R. Ngoy Lumbu s’étonne par ailleurs que les congolais continuent à être distraits au lieu de revendiquer leur droit d’exiger la régularisation des mandats qu’ils ont confiés aux élus du peuple. Il met en garde tous ceux qui se réjouissent des zélotes et lance un appel aux congolais d’être exigeant en matière des « termes et délais ».

En effet, plusieurs analystes politiques qui s’intéressent à la situation en République démocratique du Congo (RDC) ne semblent pas croire à l’idée que par ces petites  phrases, Katumbi se serait réellement affranchi de l’autorité morale de son parti politique. Nombreux sont ceux qui pensent qu’il s’agirait d’un stratagème monté par son regroupement politique, avec l’appui probable de sa province pour conserver le pouvoir, en misant sur la popularité de Moïse Katumbi comme alternative possible.

Cela pour plusieurs raisons que nous ne saurons détailler présentement.
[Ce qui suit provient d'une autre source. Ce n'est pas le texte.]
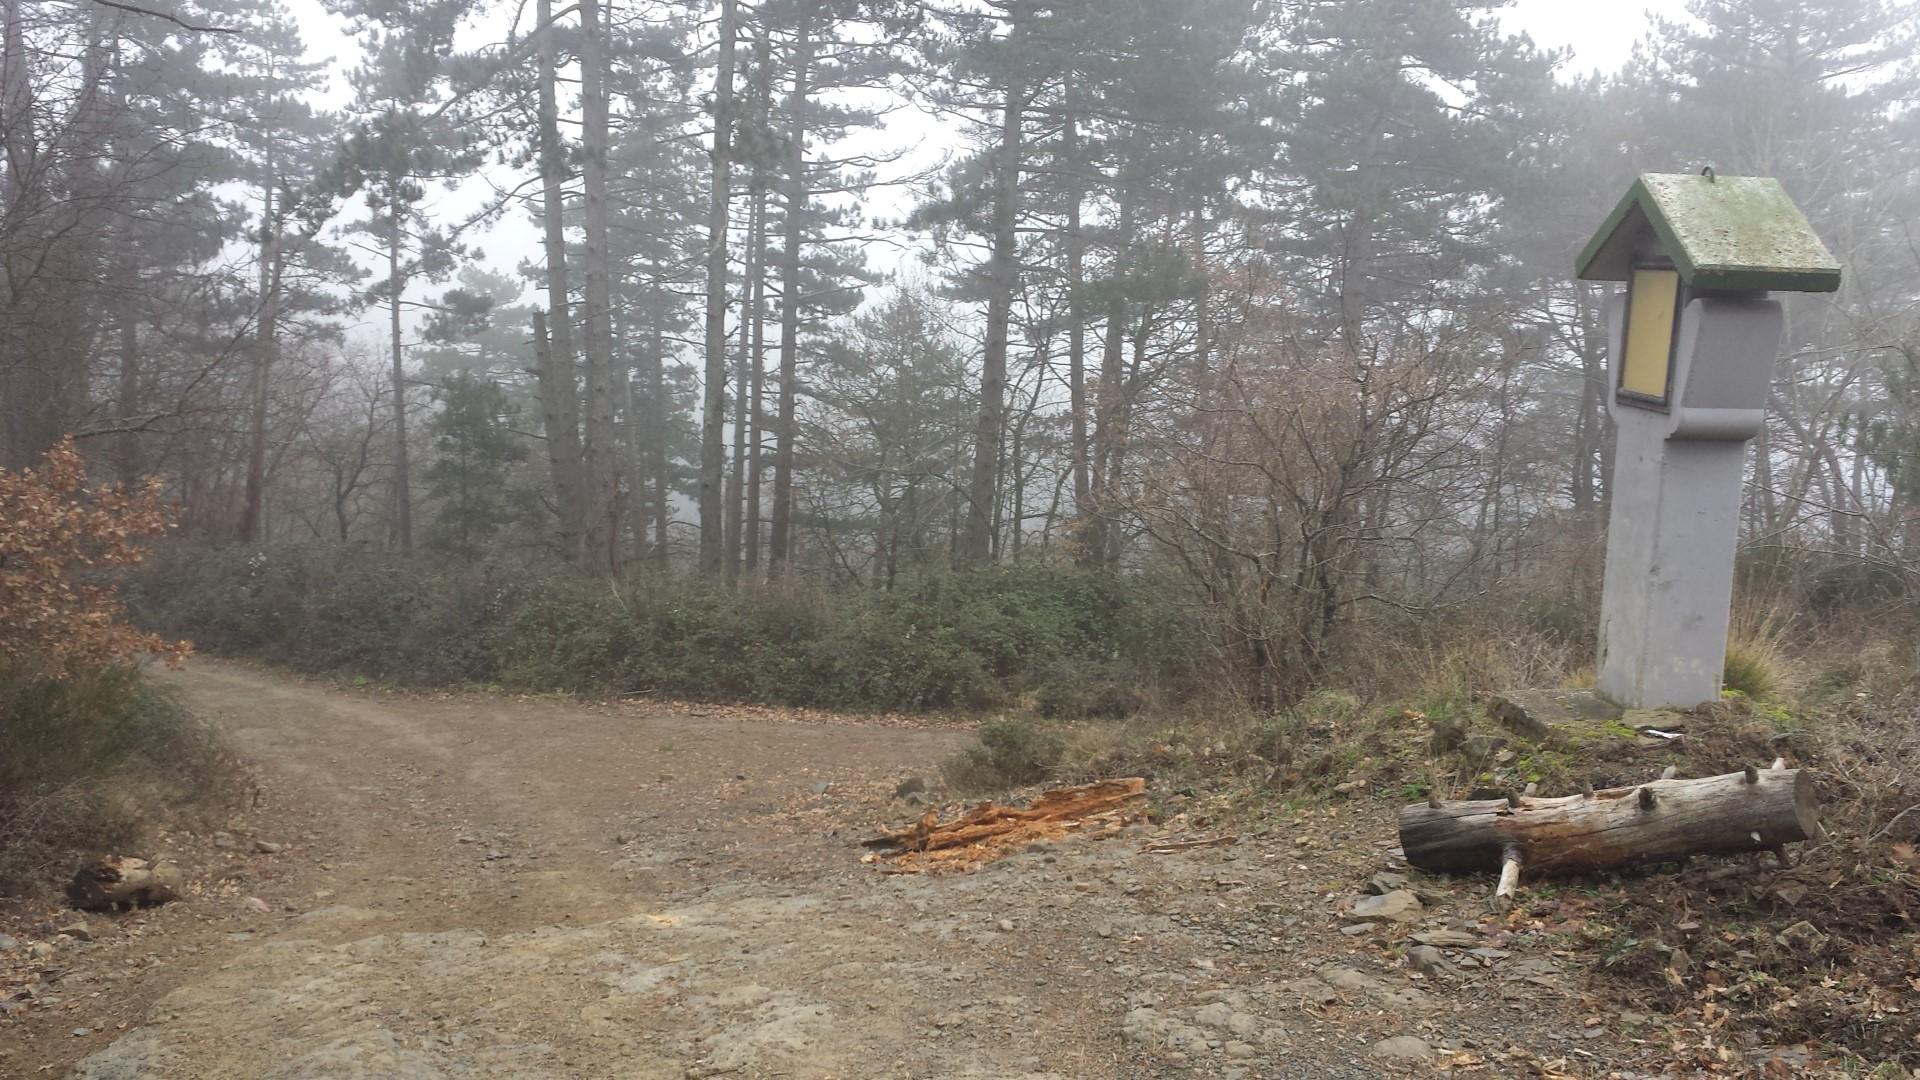 Incrocio tra sentiero CAI 551 e strada forestale per Lignano

Toutefois, il est nécessaire de noter que le Katanga est la province du chef de l’État congolais. Là où on a élu Joseph Kabila à 100 % en 2011.

Lorsque le président de l’Assemblée provinciale du Katanga – fervent défenseur de  Joseph Kabila – demande au président de la Commission électorale nationale indépendante (CENI) d’accélérer les préparatifs pour que le pays aille rapidement aux élections, alors que le gouvernement congolais voudrait d’abord recenser la population avant toute élection, qu’est-ce qui se trame derrière?

Les hommes politiques utilisent souvent la ruse d’une façon ou d’une autre pour convaincre et conserver le pouvoir. Le commun de mortel détecte difficilement ou en retard cette ruse, étant donné qu’elle est souvent voilée, protéiforme et omniprésente dans toute action de l’homme politique.

La ruse de l’homme politique est d’autant indétectable pour le commun de mortel, parce qu’elle est hautement une vertu intellectuelle qui consiste à adapter ses moyens à ses fins. C’est une habileté à tirer parti de l’ignorance du peuple, entretenue souvent par la dissimulation et la simulation des intentions de l’homme politique « l’être et le paraître ».

Si le gouverneur du Katanga a les intentions réelles de se présenter aux élections présidentielles de 2016, gageons que dans les jours à venir nous en saurons davantage sur les jeux politiques préélectoraux.